• **GIVEN INFORMATION**
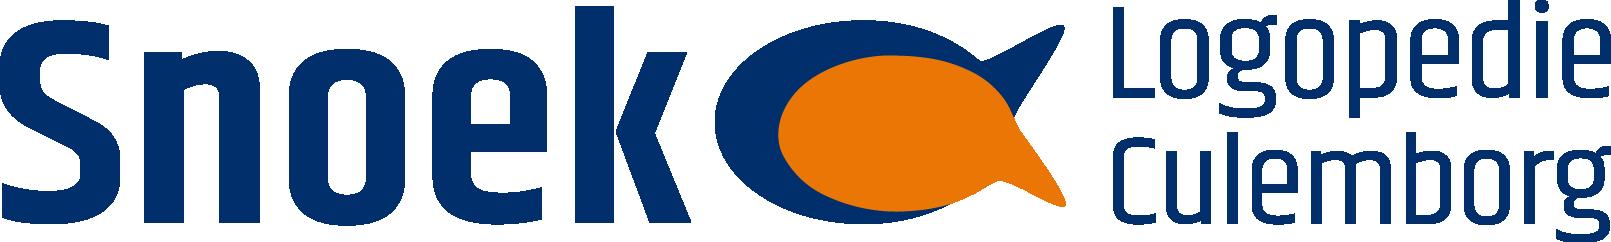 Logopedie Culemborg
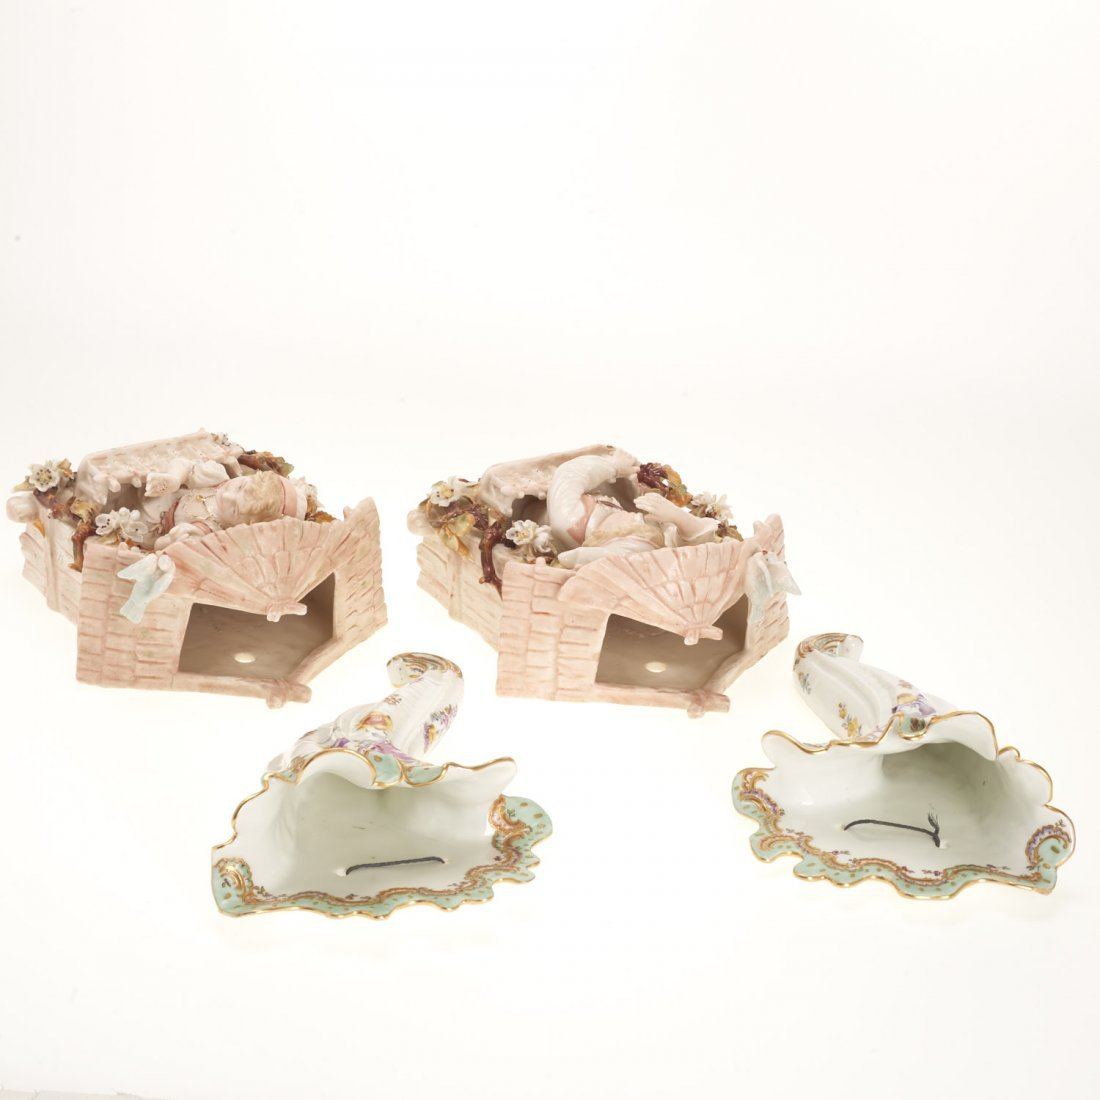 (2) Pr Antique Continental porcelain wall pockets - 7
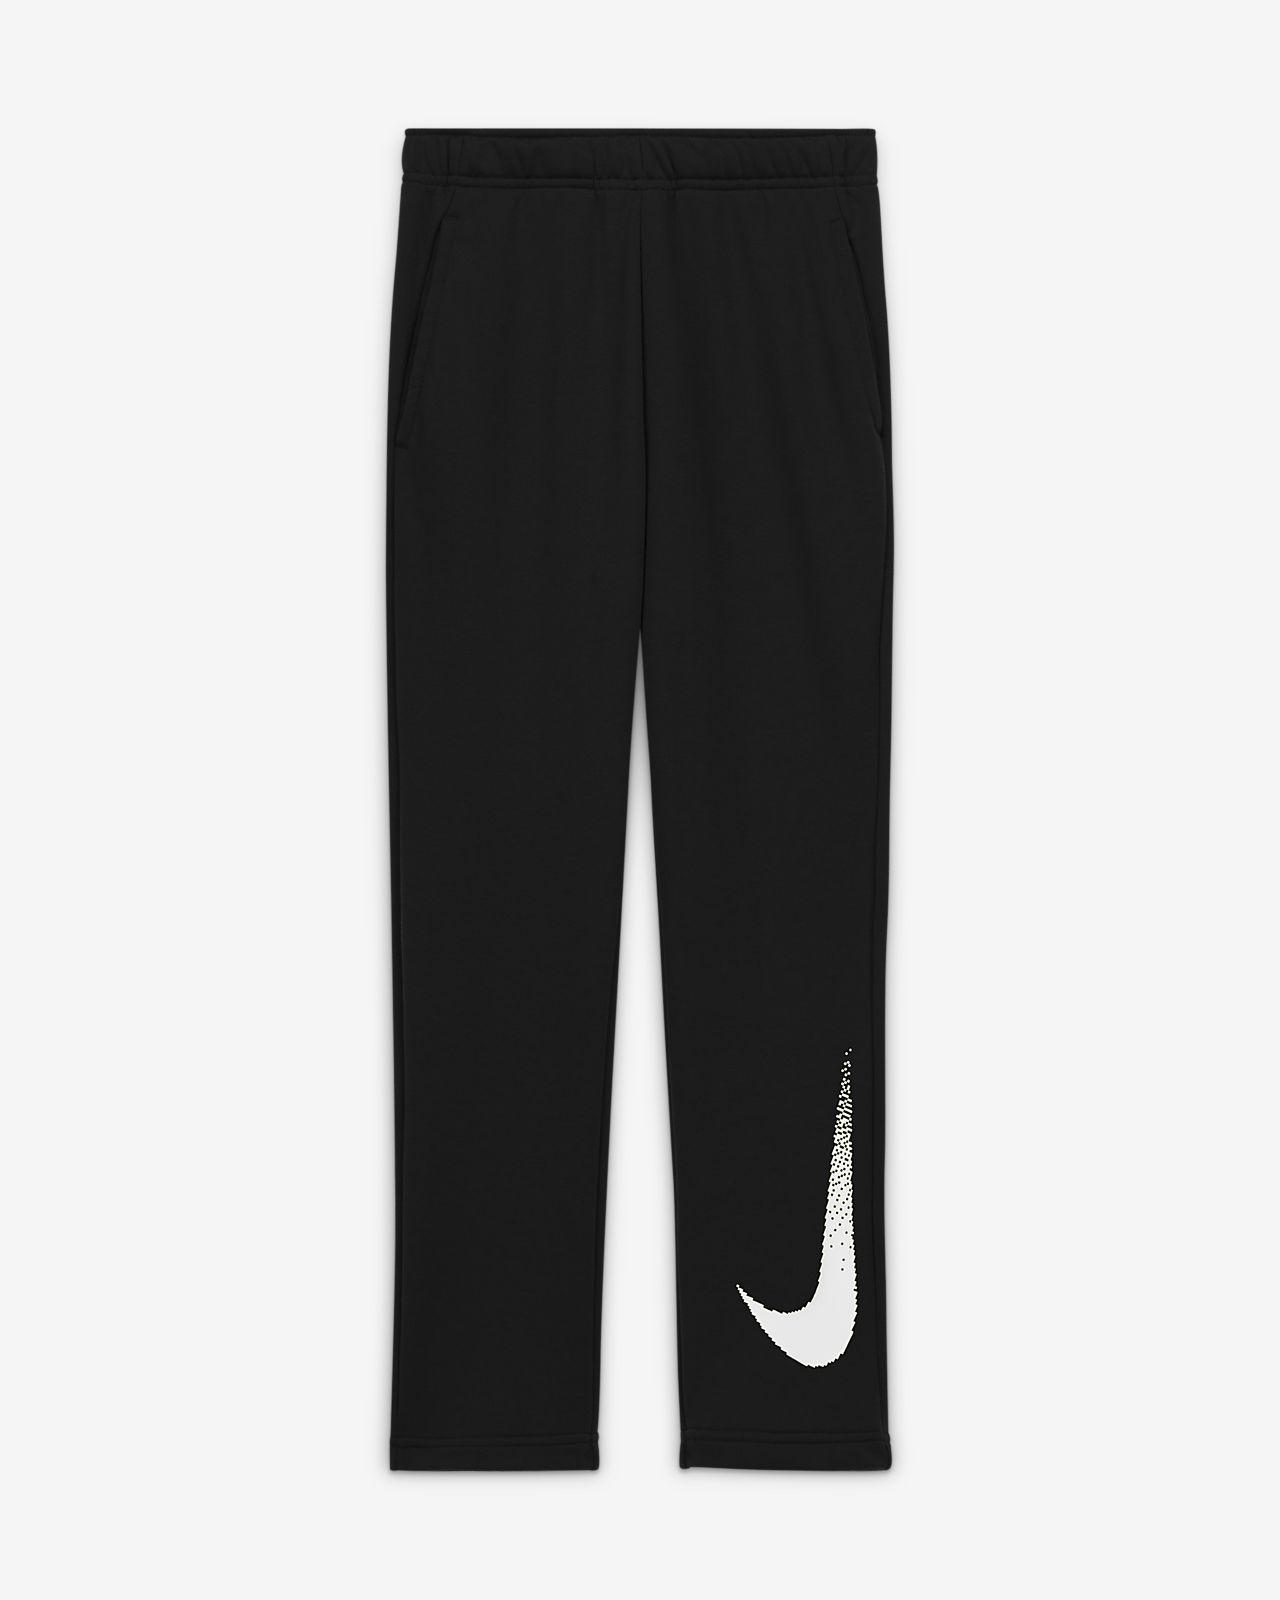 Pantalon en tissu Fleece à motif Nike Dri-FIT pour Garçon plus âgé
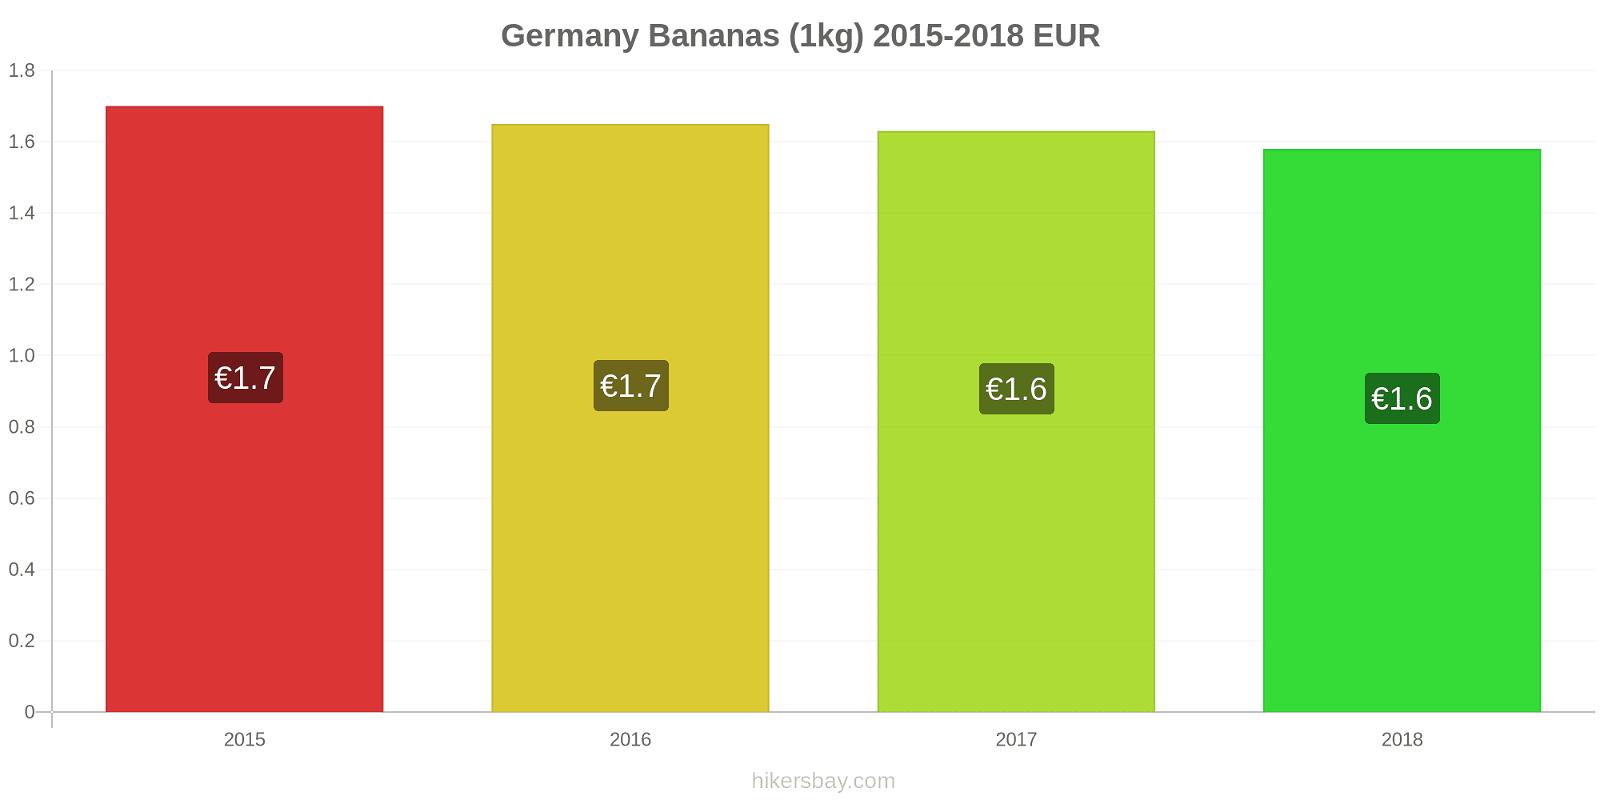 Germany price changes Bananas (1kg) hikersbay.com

• **WHAT YOU WILL DO**
Print out the whole listing word for word. Leave the pictures out.

• **RESULT**
 Logopedie Culemborg
 (2) Pr Antique Continental porcelain wall pockets - 7
 Pantalon en tissu Fleece à motif Nike Dri-FIT pour Garçon plus âgé
 Germany price changes Bananas (1kg) hikersbay.com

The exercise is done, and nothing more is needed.